I think three factors stand behind the failure to incorporate probabilistic benefits into traditional ROI analysis:
1) Management resistance to “soft” benefits. Most CEOs and CFOs prefer to deal with what they call “hard” savings, and reducing headcount always seems the hardest of these hard savings. But this kind of hard-headedness can often turn into block-headedness, when headcount costs are reduced without factoring in the impact on business operations. The failure of the electronics chain Circuit City after its CEO replaced higher compensated but experienced sales staff with cheap but ignorant young sales workers is a classic example of this blockheadedness. Most seasoned executives understand this. Still, many executives – especially those trying to make an impression on senior management or shareholders — take the attitude that cost savings that don’t take the form of layoffs and headcount reductions are not real savings.
2) Lack of comfort with statistical analysis and probabilities. Most CEOS and many CFOs never studied more than a semester or two of statistics in college and are uncomfortable with probabilistic calculations. For them, a 5% risk is more or less the same as a 10% risk. As a result, they won’t see the value of a solution that can reduce risks of a bad outcome from 10% to 5%. Still, business executives do grasp good and bad frequency metrics, such as client attrition or retention rates, product defect rates, loan loss ratios, or systems up-time performance. If a technology can be shown to move these metrics in a positive direction, then even the most statistically challenged executive will understand why it is a good investment.

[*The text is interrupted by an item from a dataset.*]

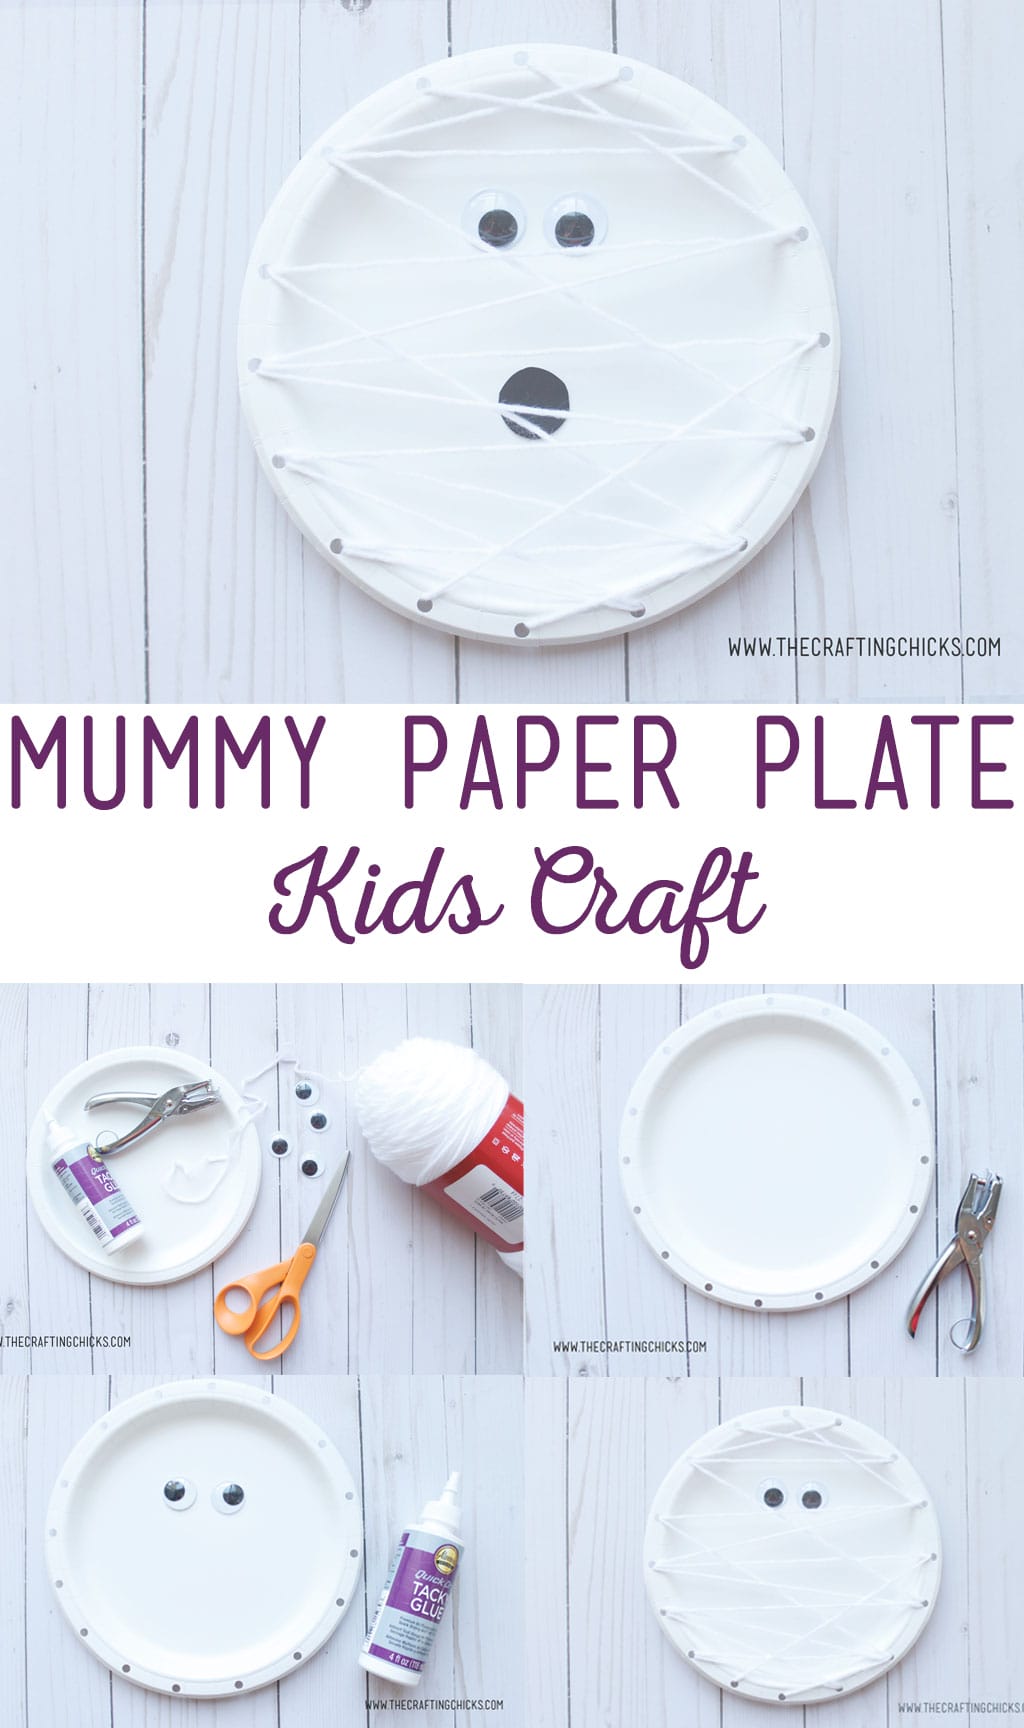 Mummy Paper Plate Kids Craft is a great way for kids to learn how to weave with yarn. This easy craft is great for children of all ages, starting in preschool. #kidscrafts #kidspaperplatecraft #halloweenkidscraft

3) Difficulty in calculating probabilistic benefits. It takes a lot of analysis to determine the current level of bad outcomes (e.g., clients that stop being clients because of a bad experience, loans that go bad because of poor underwriting, service outages that disrupt business relationships, projects that fail to meet objectives) and the adverse business impacts of these bad outcomes. It takes more analysis to identify the causes of bad outcomes, and still more analysis to define how and how much they can be reduced. Yet analysis of this kind is at the heart of effective business improvement. So, the analysis needed to understand why bad business outcomes occur instead of good business outcomes can also be used to justify investments in the technologies that can reduce the former and increase the latter.
There is enough adoption of new mobile, smart, and cloud technologies taking place to show that old school, hard-dollar ROI analysis has been supplemented by probabilistic benefit analysis in at least some companies (though there is no doubt that many investments have been based on hope or fear rather than solid analysis). But it is undoubtedly the case that there are many investment in these new technologies that have not been made because the old-school analysis did not show a positive return. Until that changes, new technology investment will underperform its full market potential.